**AIM OF THE EXERCISE**:
In your copy of the data, keep every word exact and include no pictures.

**STORED DATA**:
=== Section Start ===

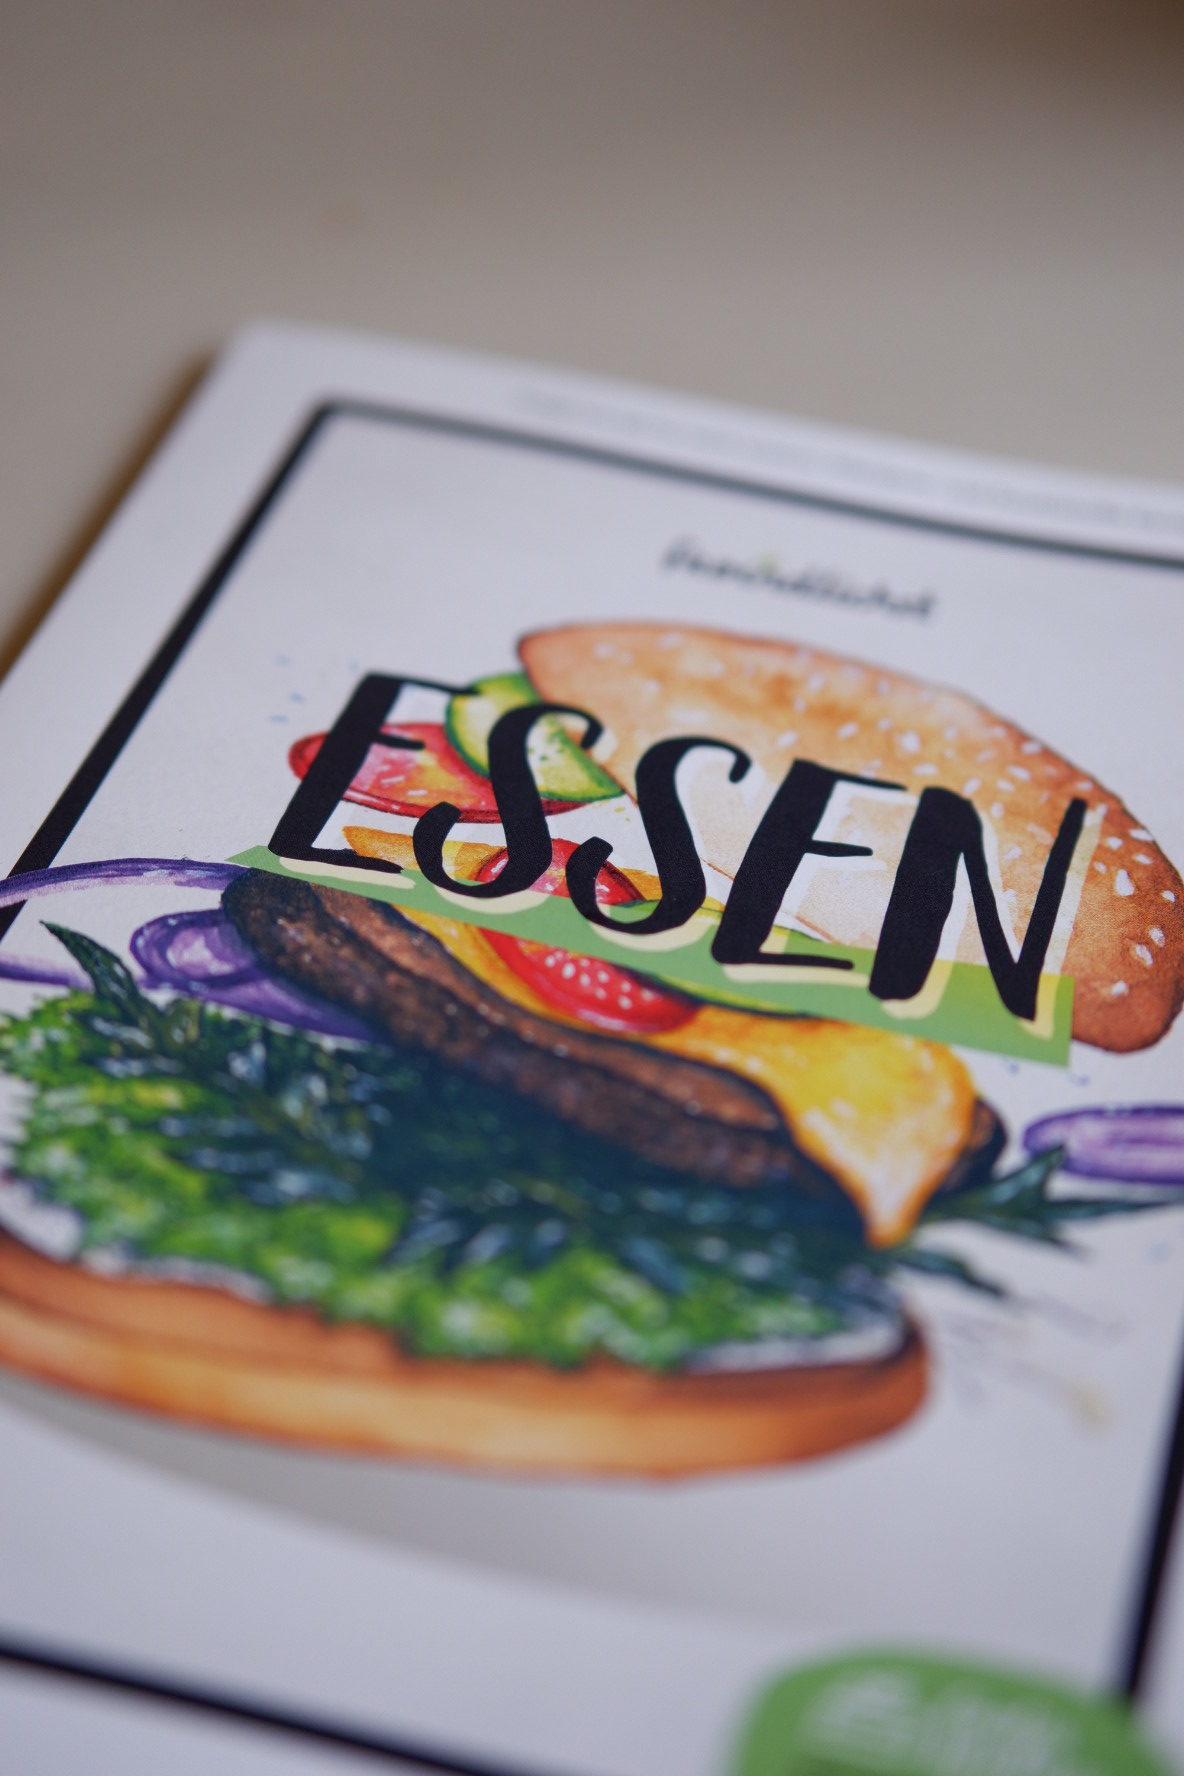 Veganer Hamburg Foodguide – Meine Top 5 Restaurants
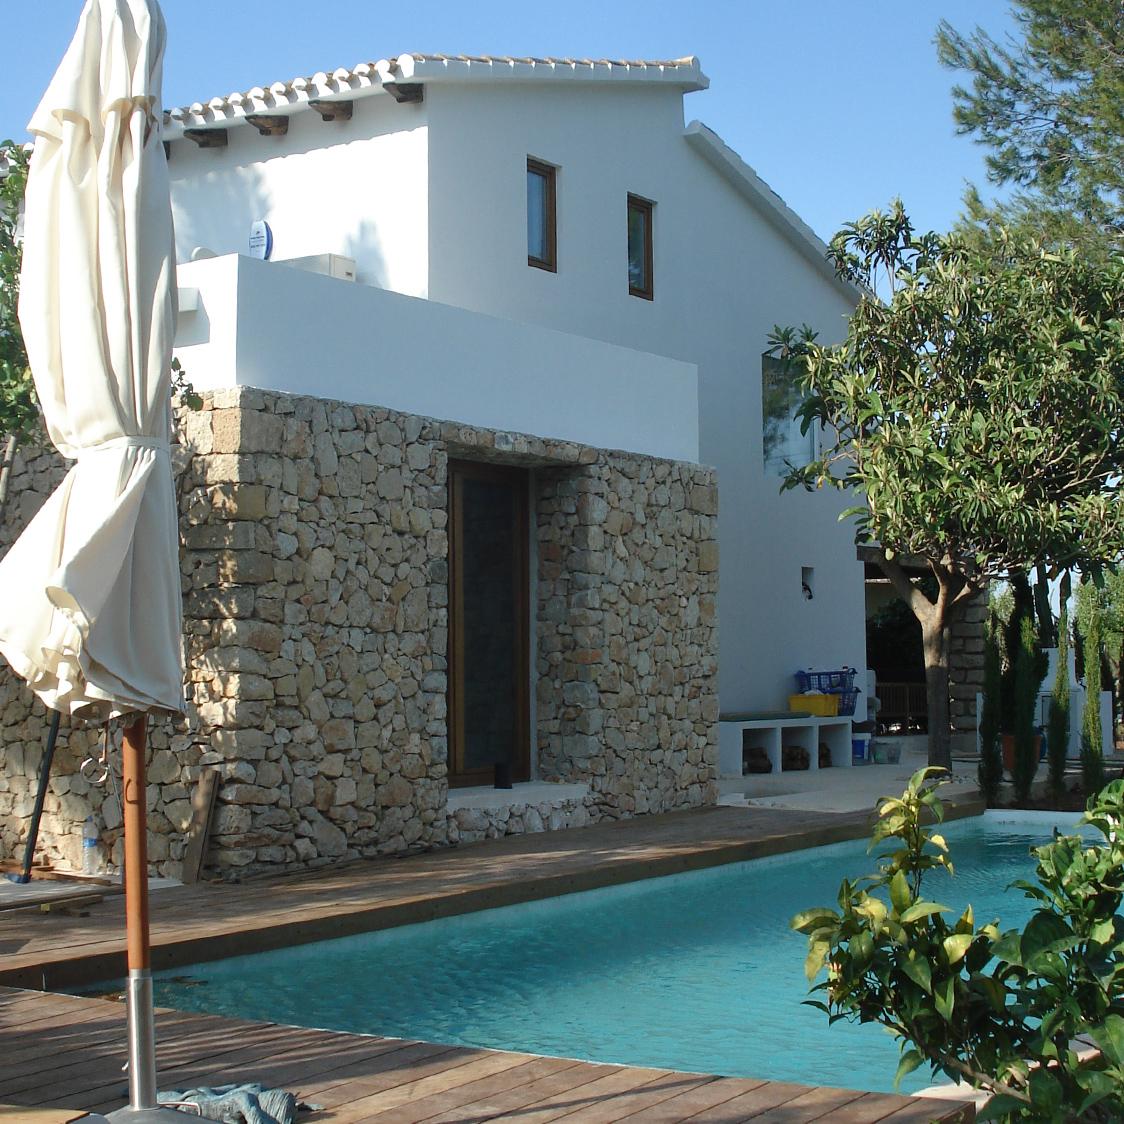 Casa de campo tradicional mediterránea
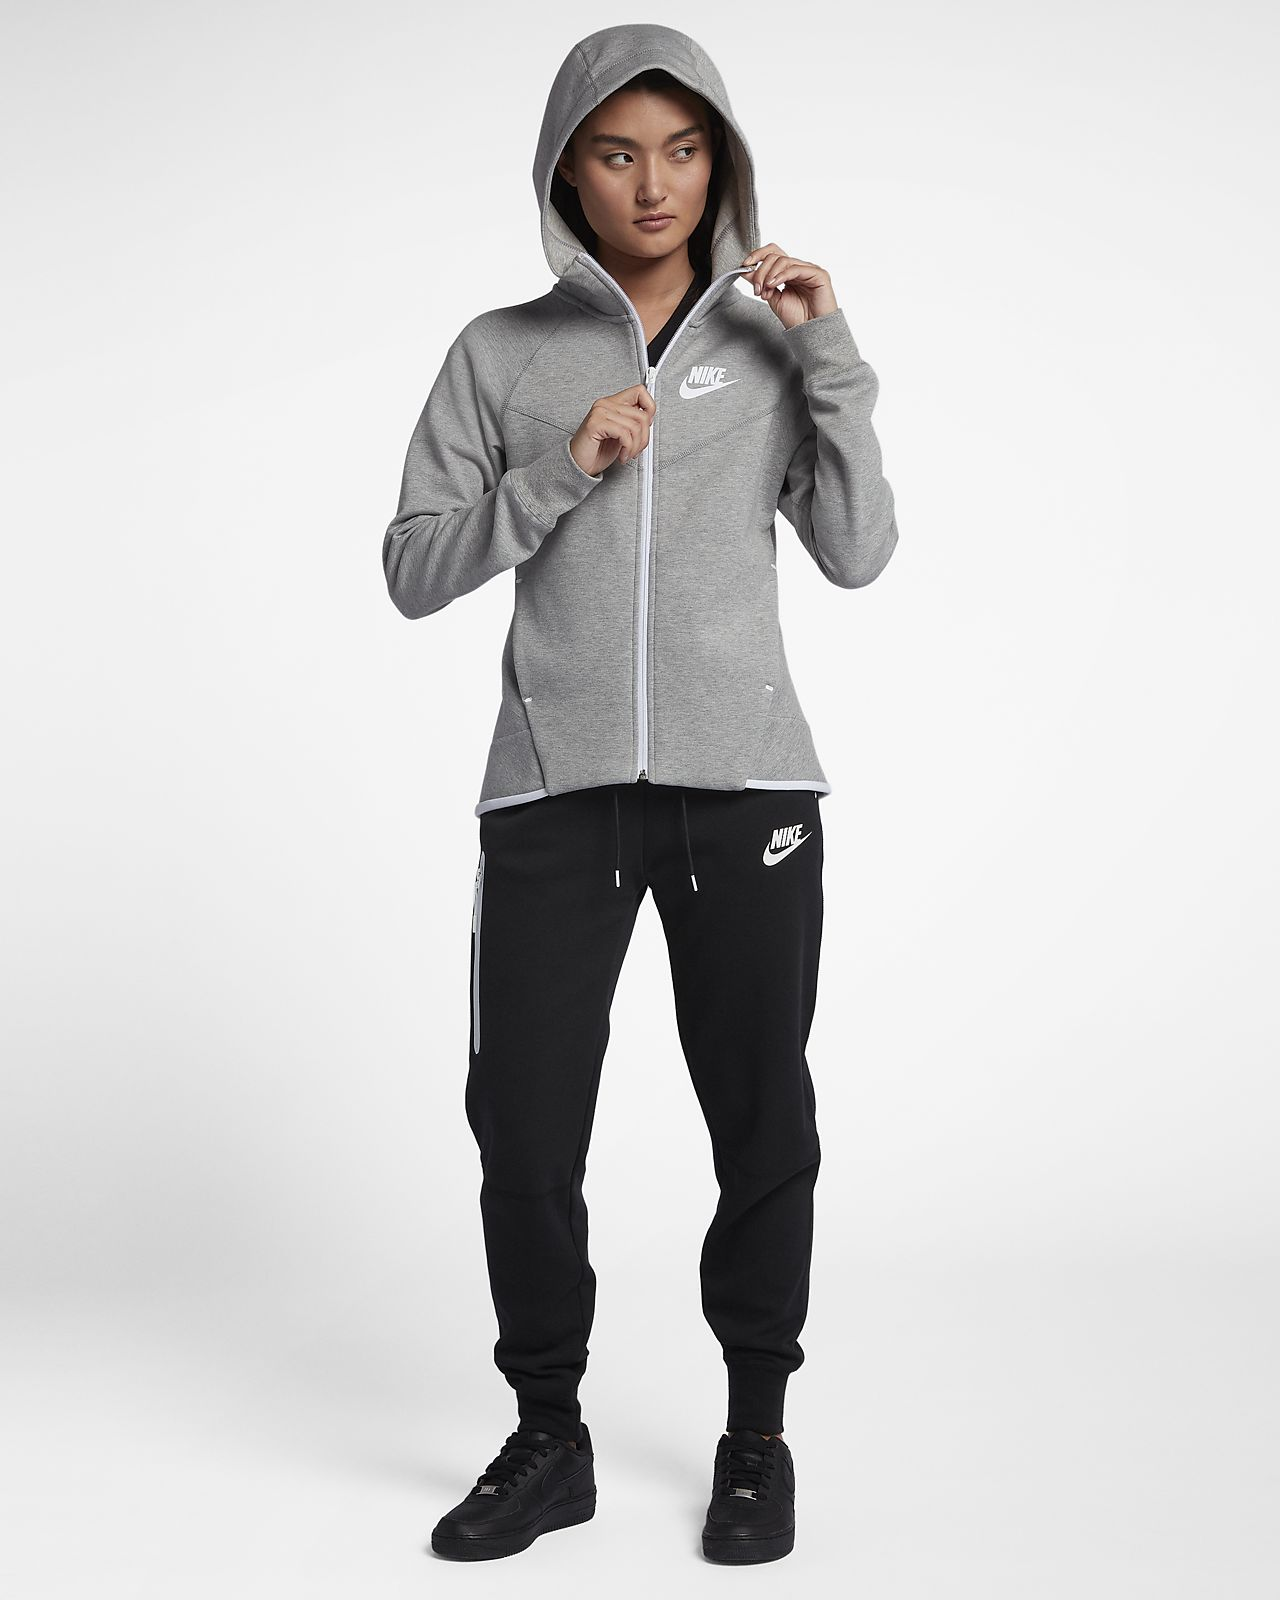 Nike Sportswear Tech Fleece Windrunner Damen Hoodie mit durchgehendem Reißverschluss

=== Section End ===

**EXERCISE SOLUTION**:
 Veganer Hamburg Foodguide – Meine Top 5 Restaurants
 Casa de campo tradicional mediterránea
 Nike Sportswear Tech Fleece Windrunner Damen Hoodie mit durchgehendem Reißverschluss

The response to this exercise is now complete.